Exercise aim: Find and copy each line in the material below where the string "Stock" occurs.

□ □ □ □ □ □ □

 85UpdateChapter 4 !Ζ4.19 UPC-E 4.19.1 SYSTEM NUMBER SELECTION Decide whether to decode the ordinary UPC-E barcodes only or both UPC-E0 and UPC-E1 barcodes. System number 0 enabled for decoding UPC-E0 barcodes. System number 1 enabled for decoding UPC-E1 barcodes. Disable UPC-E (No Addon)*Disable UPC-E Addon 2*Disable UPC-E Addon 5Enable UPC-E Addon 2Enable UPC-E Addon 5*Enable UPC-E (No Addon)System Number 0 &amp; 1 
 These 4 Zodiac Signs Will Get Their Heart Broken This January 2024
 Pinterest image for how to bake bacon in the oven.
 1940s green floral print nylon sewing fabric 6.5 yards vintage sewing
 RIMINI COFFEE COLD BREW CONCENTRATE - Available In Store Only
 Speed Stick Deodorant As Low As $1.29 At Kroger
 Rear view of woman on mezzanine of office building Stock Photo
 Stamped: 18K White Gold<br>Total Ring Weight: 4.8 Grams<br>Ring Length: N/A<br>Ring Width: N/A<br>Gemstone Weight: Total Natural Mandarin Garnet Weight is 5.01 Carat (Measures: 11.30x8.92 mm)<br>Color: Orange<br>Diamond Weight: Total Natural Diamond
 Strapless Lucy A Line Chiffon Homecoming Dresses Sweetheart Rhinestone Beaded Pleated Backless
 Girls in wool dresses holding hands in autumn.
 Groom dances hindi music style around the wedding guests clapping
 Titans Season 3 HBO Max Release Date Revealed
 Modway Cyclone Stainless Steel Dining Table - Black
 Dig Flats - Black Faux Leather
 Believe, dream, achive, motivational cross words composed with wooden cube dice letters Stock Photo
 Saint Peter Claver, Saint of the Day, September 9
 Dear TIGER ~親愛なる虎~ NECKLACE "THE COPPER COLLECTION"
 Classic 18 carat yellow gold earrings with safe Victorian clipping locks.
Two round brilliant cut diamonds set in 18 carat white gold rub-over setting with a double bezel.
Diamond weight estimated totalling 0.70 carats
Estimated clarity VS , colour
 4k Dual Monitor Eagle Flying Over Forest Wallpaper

□ □ □ □ □ □ □

Task response:
 Rear view of woman on mezzanine of office building Stock Photo
 Believe, dream, achive, motivational cross words composed with wooden cube dice letters Stock Photo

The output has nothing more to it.